Pour guérir, Maria devait changer de chambre à coucher et prendre la pièce qu’elle réservait aux amis, loin de la source. Elle devait également poser des prises de terre fiables, éviter les fils électriques à proximité de la tête et changer les ressorts du matelas par une matière végétale, du genre latex. J’admets avoir été troublé par ses explications. Ces notions étaient nouvelles pour moi, mais elles faisaient sens. J’y trouvais une certaine logique.

Le magnétiseur prit ma mère par le bras, l’emmena doucement dans le jardin et acheva sa démonstration. Des traces d’humidité et des petites mousses vertes couvraient les murs. Orties, ronces et acacias confirmaient la présence de l’eau souterraine.

– Changez de place et tenez-moi au courant. Je serais surpris que votre douleur ne disparaisse pas complètement, conclut-il.

Sur le chemin du retour, je demandai à Derrone s’il acceptait de me parler de la prophétie.
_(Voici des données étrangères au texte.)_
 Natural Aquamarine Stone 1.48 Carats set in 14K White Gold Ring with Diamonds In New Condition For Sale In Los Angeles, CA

En guise de réponse, le guérisseur m’interrogea sur les affaires que nous traitions.

– Drogue, viols, crimes, tout ce qui sort des infractions courantes, dis-je.
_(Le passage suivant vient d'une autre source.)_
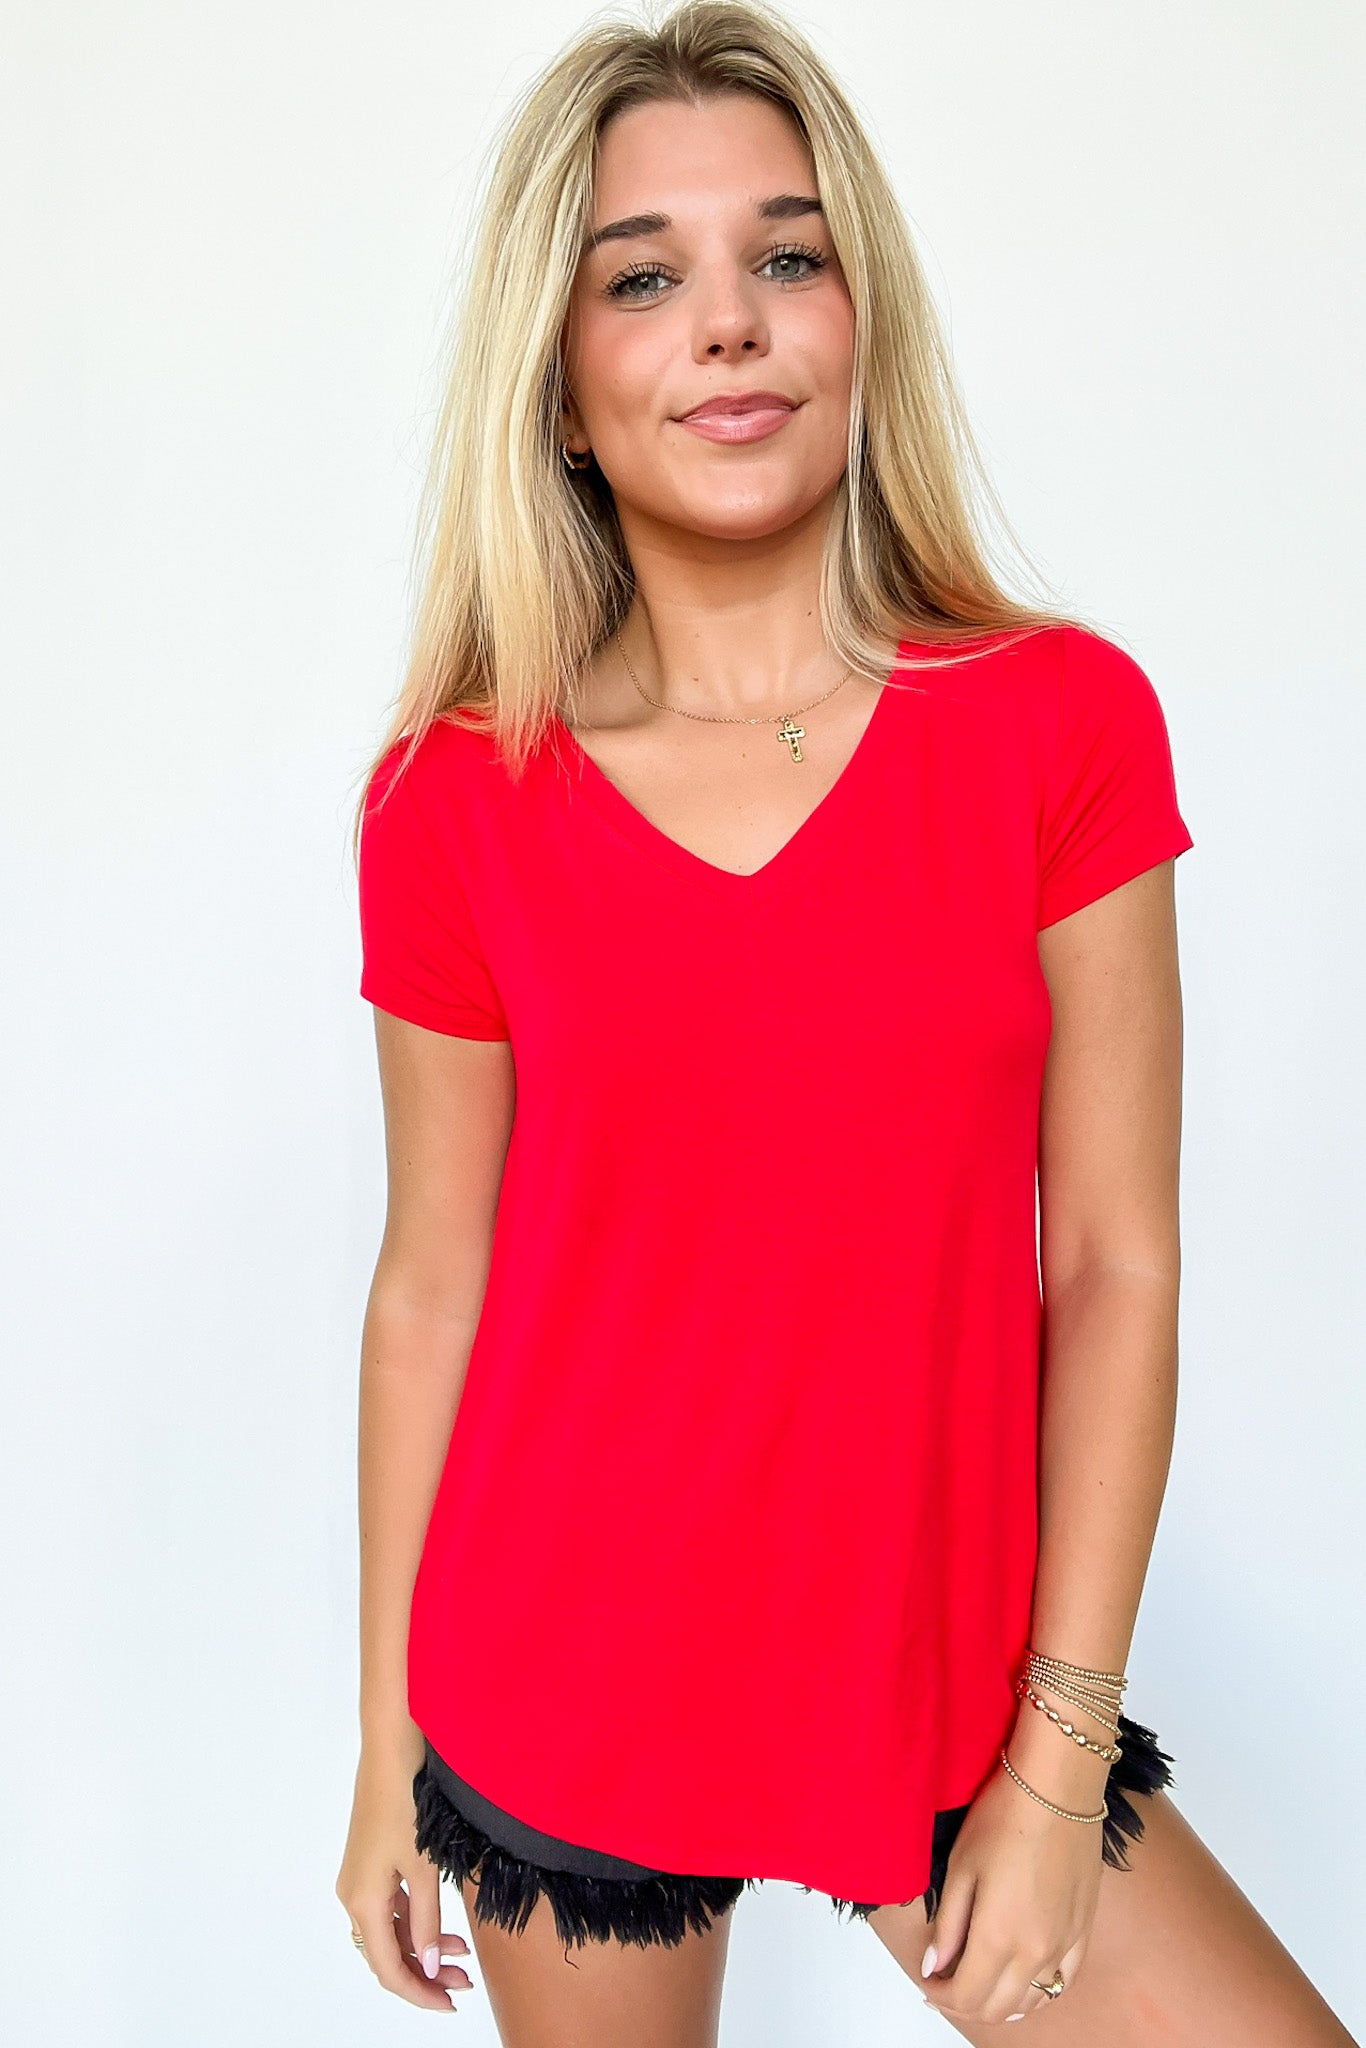  Jayme V-Neck Short Sleeve Top - Madison and Mallory

– Les « meurtres suicides » entrent-ils dans cette catégorie ?

– L’affaire a été confiée à la brigade criminelle. Mais ça n’empêche personne de s’y intéresser. C’est votre cas, on dirait ?

– Une fois que nous serons chez moi, je vous remettrai la prophétie. Considérez-la avec attention avant que nous en reparlions, dit-il.

– Qui en est l’auteur ?

– Gabriel Comte.

Le magnétiseur marqua une pause, puis reprit :

– Au sujet de cette affaire dont nous parlions, vous avez des suspects ?

– Je ne peux pas en parler.

– Vous faites plus que vous y intéresser alors ?

– Pourquoi ? répliquai-je en fixant le magnétiseur.

– Vous m’auriez répondu que vous ne saviez pas…

Je souris de la perspicacité du vieil homme et précisai :

– Nous sommes confrontés à des criminels qui n’hésitent pas à tuer l’ensemble des habitants d’un immeuble alors qu’ils ne visent probablement qu’une catégorie d’entre eux.

– Des enfants…

Les mots du magnétiseur eurent l’effet d’un coup de massue.

– Pourquoi pensez-vous aux enfants ? dis-je sans réussir à dissimuler ma stupeur.

– Vous comprendrez en lisant le document.

– C’est une confession ?

– Pas vraiment. Un testament. Le testament du Moine aux abeilles que beaucoup appellent aujourd’hui la prophétie.

 

Je tenais entre mes mains une feuille épaisse de cellulose grise dont les angles s’effritaient. De minuscules fleurs séchées couleur pastel s’intégraient à la trame. Le document comptait quatre paragraphes de six lignes chacun. Je lus le texte et me fis la réflexion que le contenu relevait, en effet, plus de la prophétie que des dernières volontés d’un moine. Le message général n’avait rien de personnel. Je pris le temps de relire chaque strophe. L’une d’elles retint particulièrement mon attention.

J’observai le magnétiseur qui ne sourcillait pas.

– Je vous l’emprunte, j’ai besoin d’y réfléchir, dis-je au vieil homme.